A high lexical density indicates a large amount of information-carrying words and a low lexical density indicates relatively few information-carrying words.

The finding that the lexical density of speech (in this case, 46.2%) is less than that of written language (in this case, 58.8%) is typical. We have already noted that speech is typified by incomplete clauses. Incomplete clauses are a product of the speaker having to construct his or her utterances in real time. There is limited time to think about, and plan, what one wishes to say and speakers often commence along one trajectory only to pause and move on in another direction. Incomplete clauses are, however, not a common feature of written texts, where the author has a much longer time to plan and shape the units of meaning that he or she wishes to use. There is sufficient time to select the most appropriate lexical word, review the text and replace words before one makes the text available. The time pressures of speaking typically lead to a lexically simpler text. Lexical density, then, can serve as a useful measure of how much information there is in a particular text.

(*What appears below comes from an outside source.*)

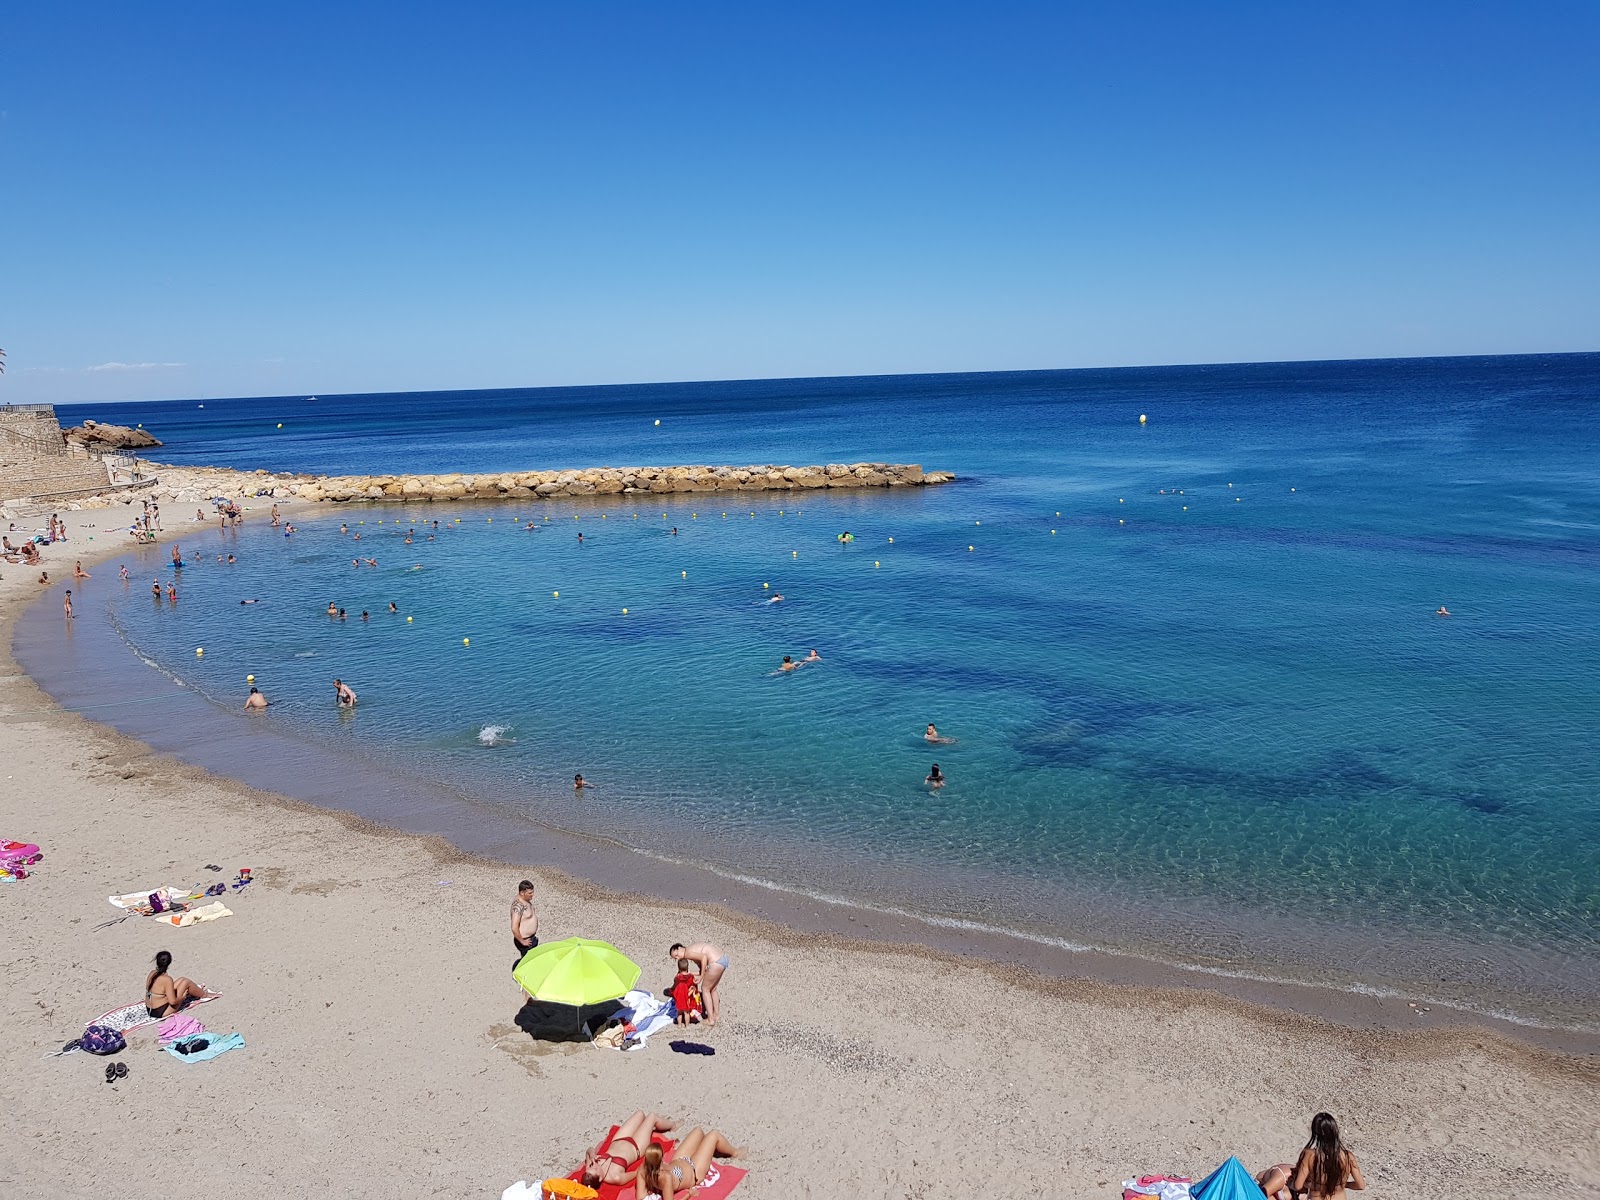 Platja De l'Alguer'in fotoğrafı i̇nce kahverengi kum yüzey ile

It can also be used to monitor improvements in the use of lexical items (information carrying-words) in children with under-developed vocabulary and/or word finding difficulties.

Reference

A few people have contacted me to enquire about a reference for lexical density in order to include it in a report, a written assignment, or similar. Unfortunately, there is no reference for lexical density as such. It is a well-known measure of lexical variation which is used in many linguistic analyses. If you search the internet for ‘lexical density’ you will find several of these. I do not know who was the first person to use a measure of lexical density in a study but it is now well-known and, as it is in the public domain, no one really references its use anymore in articles, reports, and so on.

However, the book that I often refer to for definitions is:

  • Biber, D., Conrad, S. and Leech, G. (2002) The Longman Student Grammar of Spoken and Written English Harlow: Longman. [ISBN: 0 582 237262]. I have found this to be a useful reference text, as it is a corpus-based reference work, i.e. the findings are based on an analysis of real world written and spoken texts.

There is also some information about lexical density to be found in:

  • Hewings, A., Painter, C., Polias, J., Dare, B. and Rhys, M. (2005) Getting Started: Describing the Grammar of Speech and Writing Book 1, E303 English Grammar in Context. Milton Keynes: Open University Press. pp50-52.